::: Data section :::

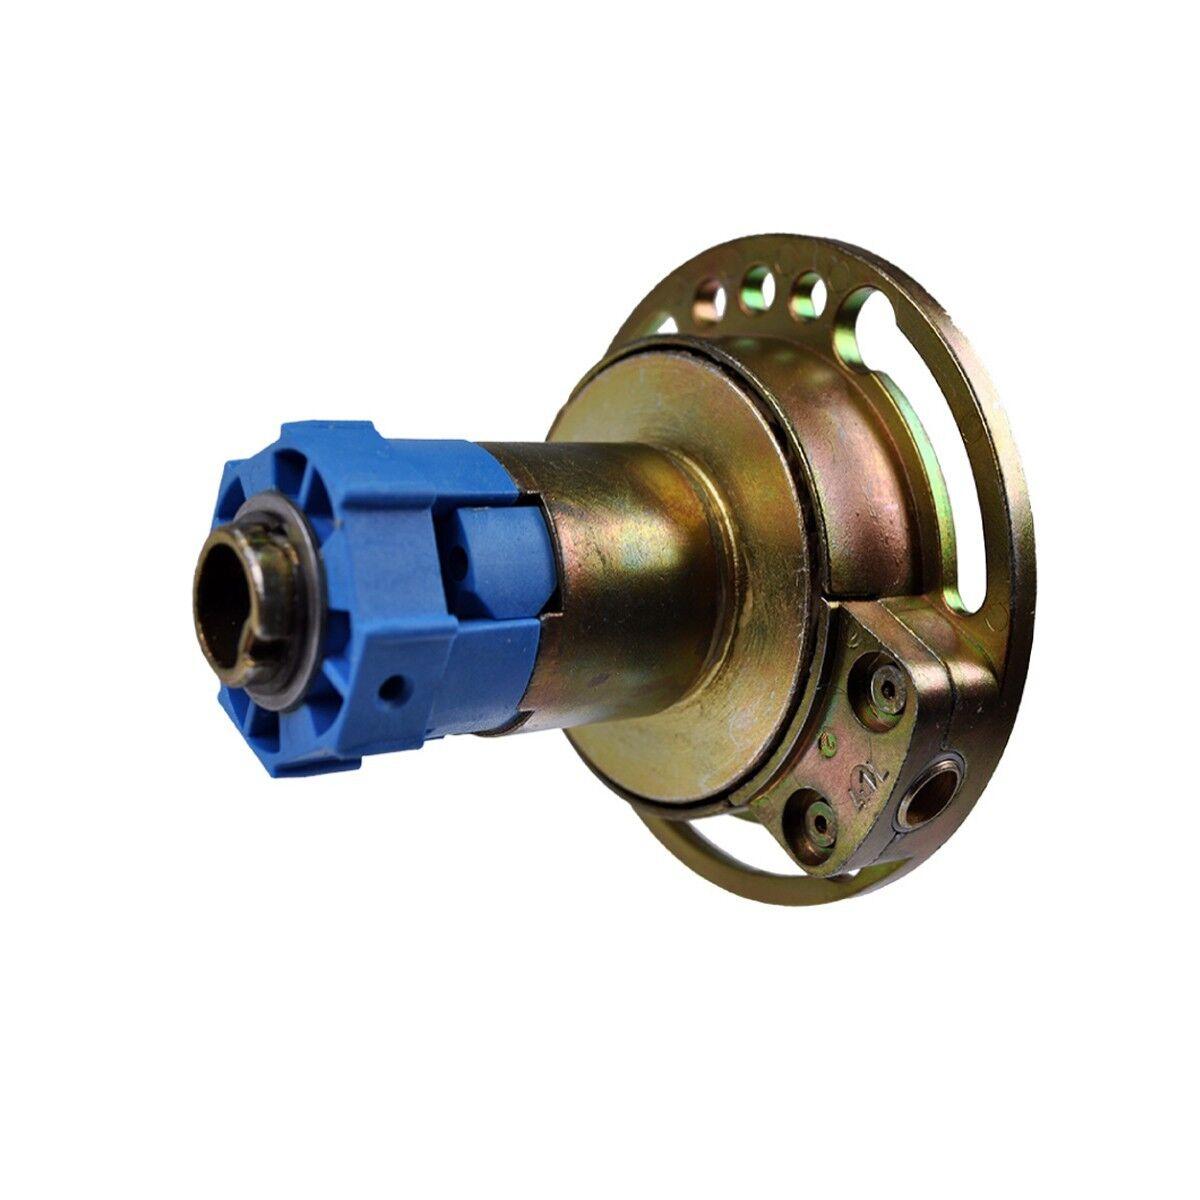 Kegelradgetriebe Rolladengetriebe Kurbelgetriebe Rolladenantriebe 4 1
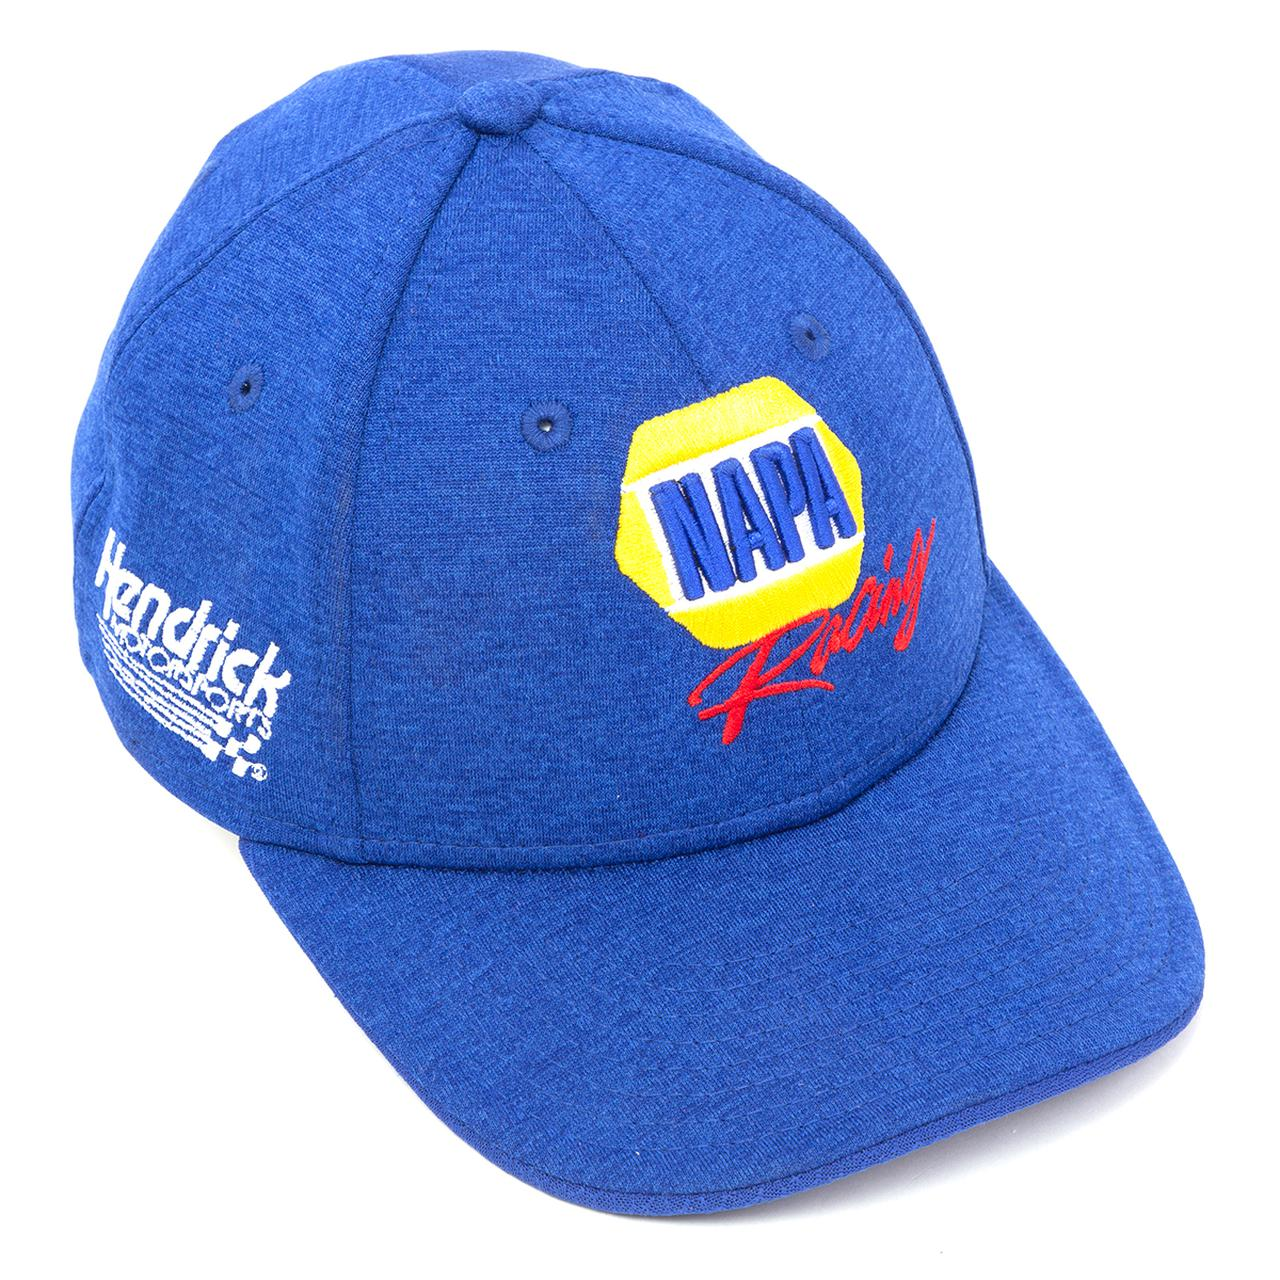 Hendrick Motorsports. Chase Elliott  9 2018 NAPA Driver Youth 940 Adjustable  Hat 7fcd054f605c
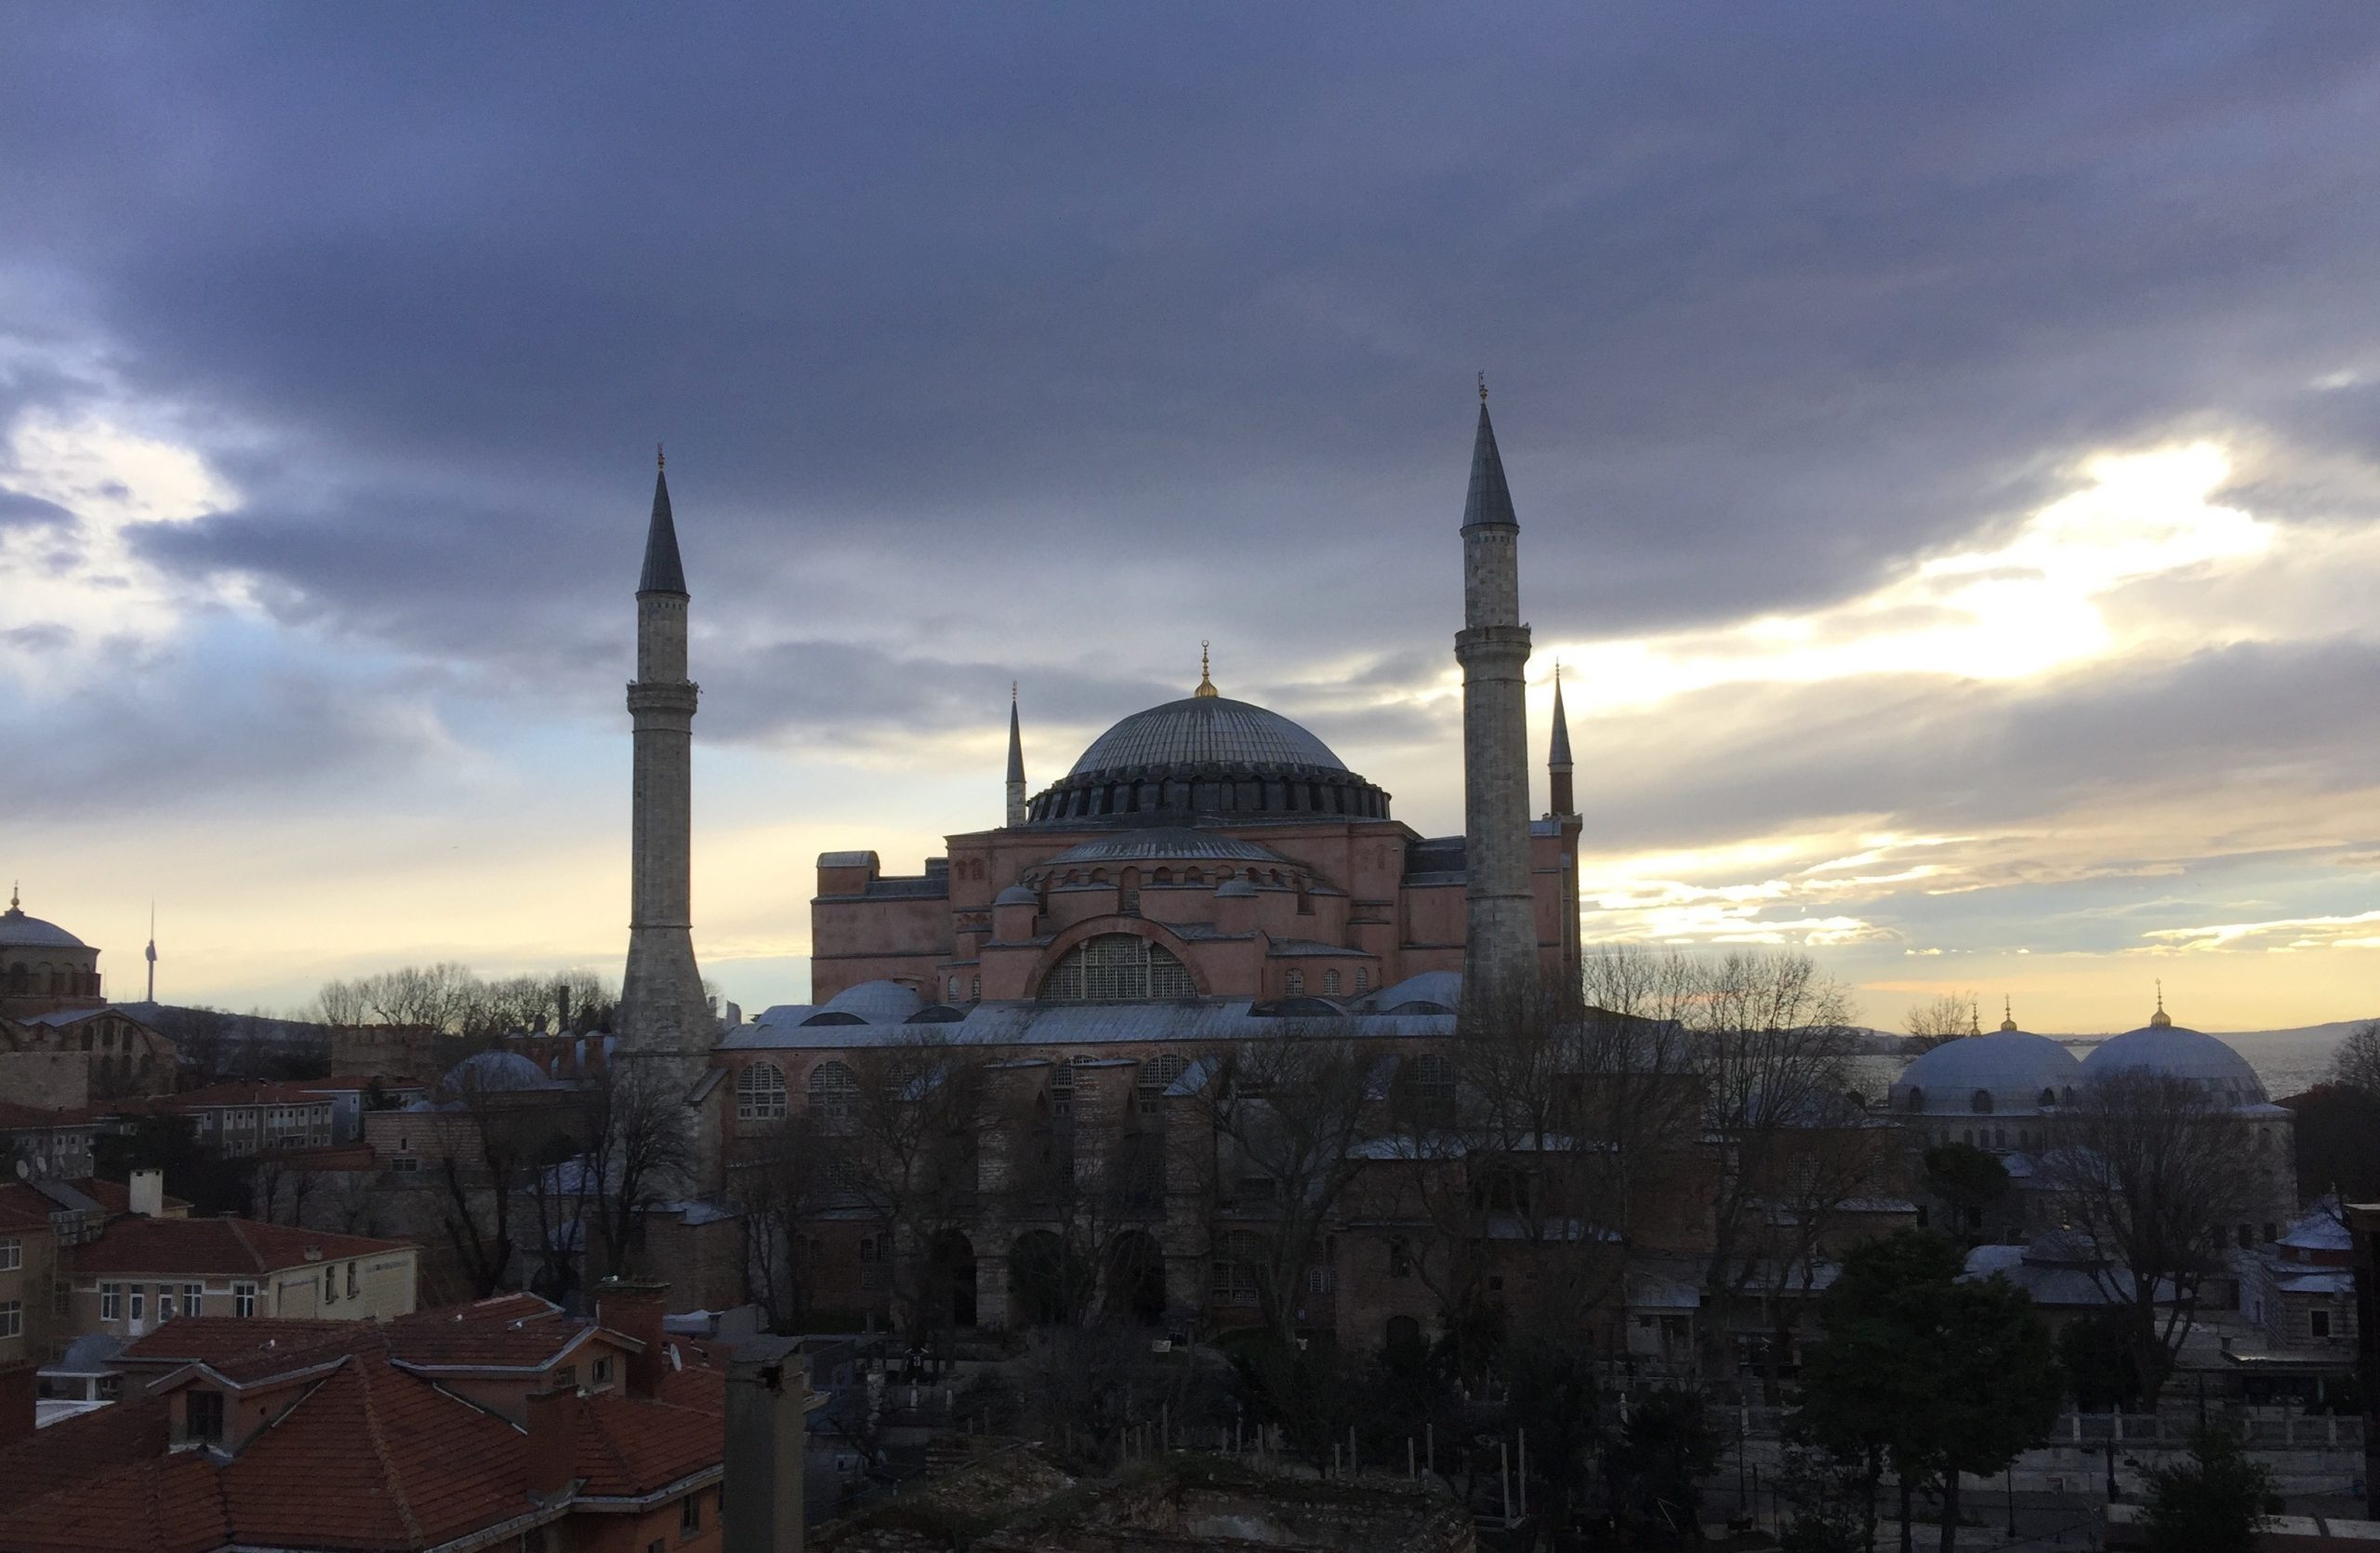 Hagia Sophia Matters: Culture, Human Dignity and the Legacies of Empires

:::

Wherever a picture appears, omit it; copy the rest of the data exactly.

 Kegelradgetriebe Rolladengetriebe Kurbelgetriebe Rolladenantriebe 4 1
 Hendrick Motorsports. Chase Elliott  9 2018 NAPA Driver Youth 940 Adjustable  Hat 7fcd054f605c
 Hagia Sophia Matters: Culture, Human Dignity and the Legacies of Empires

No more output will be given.